You'd have to see what's on in your local area. To find local home ed families, go on Facebook and type into its search bar "home education" followed by your county or city or nearest big city. In some areas there is more happening than others.
As a rule of thumb I would say no, you are unlikely to find a group to go to every day of the week which is free of charge. There are some free things such as park meet-ups, and people might agree to meet at a free museum etc, but usually a home ed group would be meeting somewhere where they have to hire a venue and therefore need to charge people. Or they might go to a soft play or skating rink, which also wouldn't be free. In my county you could probably find something free to go to every day, but only if you're willing to travel the length of the county to do it, and then your travel costs would outweigh any savings on the activities.

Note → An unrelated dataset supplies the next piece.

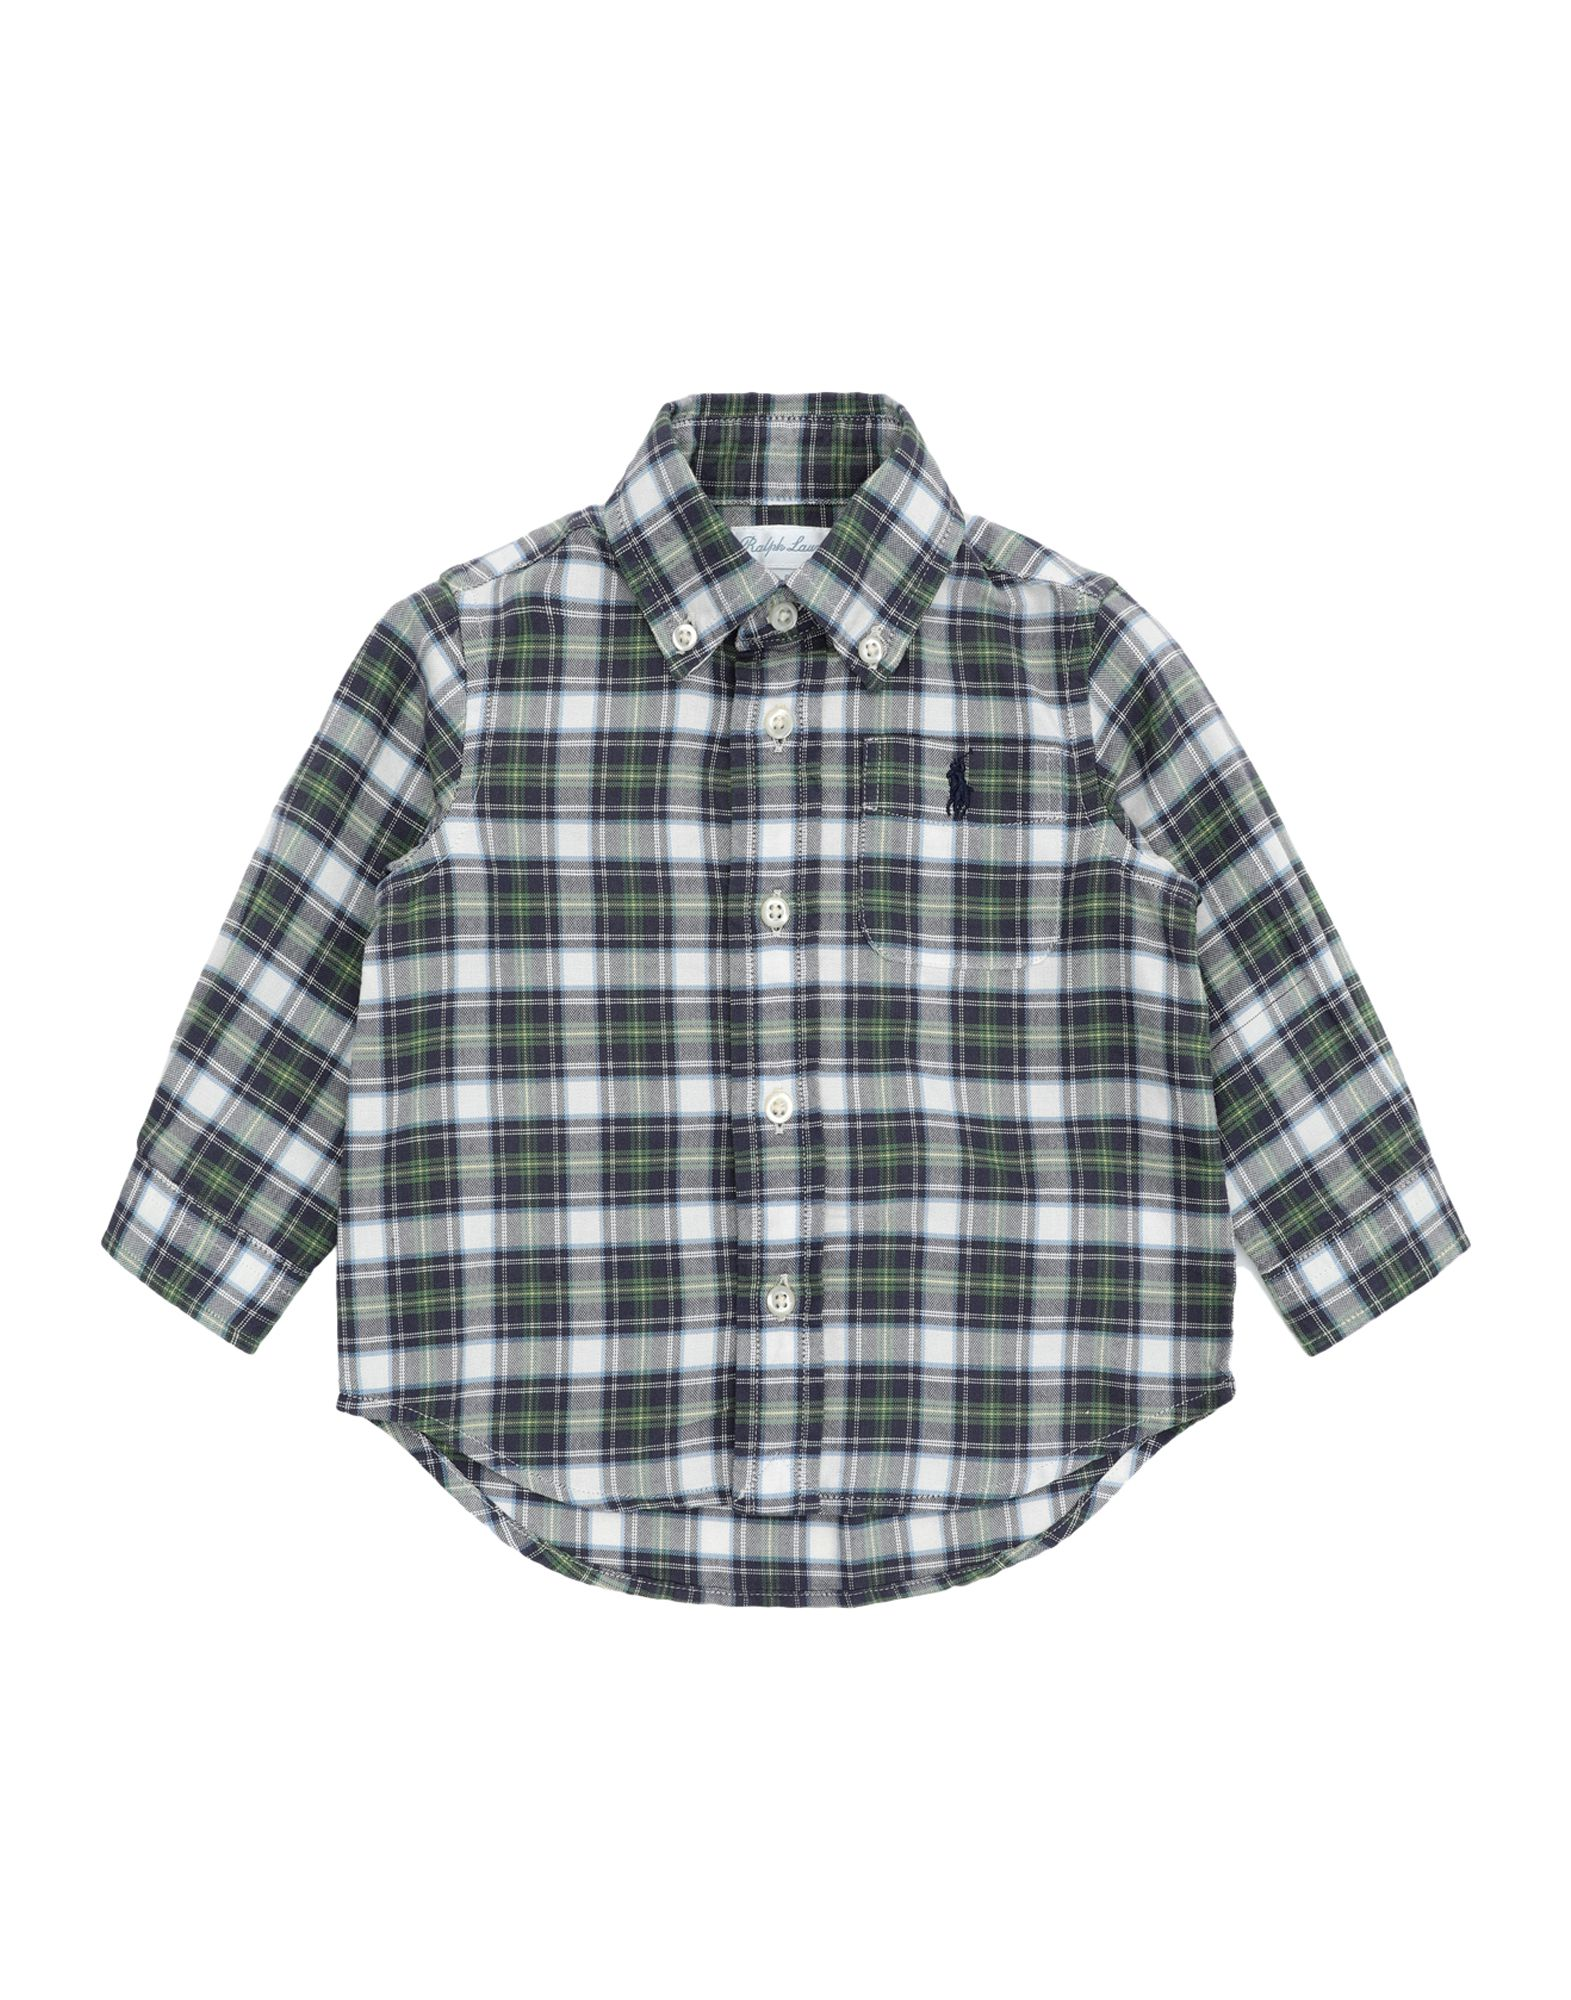 28a2d36afb4c Πουκαμισα Αγόρι Ralph Lauren 0-24 μηνών - Παιδικά ρούχα στο YOOX

BUT social time doesn't have to involve only groups. You might need groups just at first in order to make friends, but then if your kids hit it off with others, you could do playdates with or without parents coming along. My firstborn was super sociable and had a constant round of playdates, usually lasting at least four hours. I might collect a child or two or three and then take the whole gang to the park or nature reserve, or their parents would drop them round to my house for the day. Other days I would send my child off with another family for the day.
A useful feature of home educated kids is that they tend to be much more available to play than schoolchildren are. Because their education is more efficient, they have plenty of time on their hands. Even if they do some formal learning, parents are often willing to rearrange their schedules rather than insisting, as a school would, that the child must be practicing reading at 1pm. Playing is important! Other parents are often eager to promote social time for their kids, and/or the parents want some time to themselves with their kids off their hands! 😁(Yes, that was also on my agenda.)
You might have to invest some time initially in going out to home ed events so you can find the families whose kids like to play with yours, where it's convenient and the other parents are also keen. The more often they see each other, the faster the friendships can form.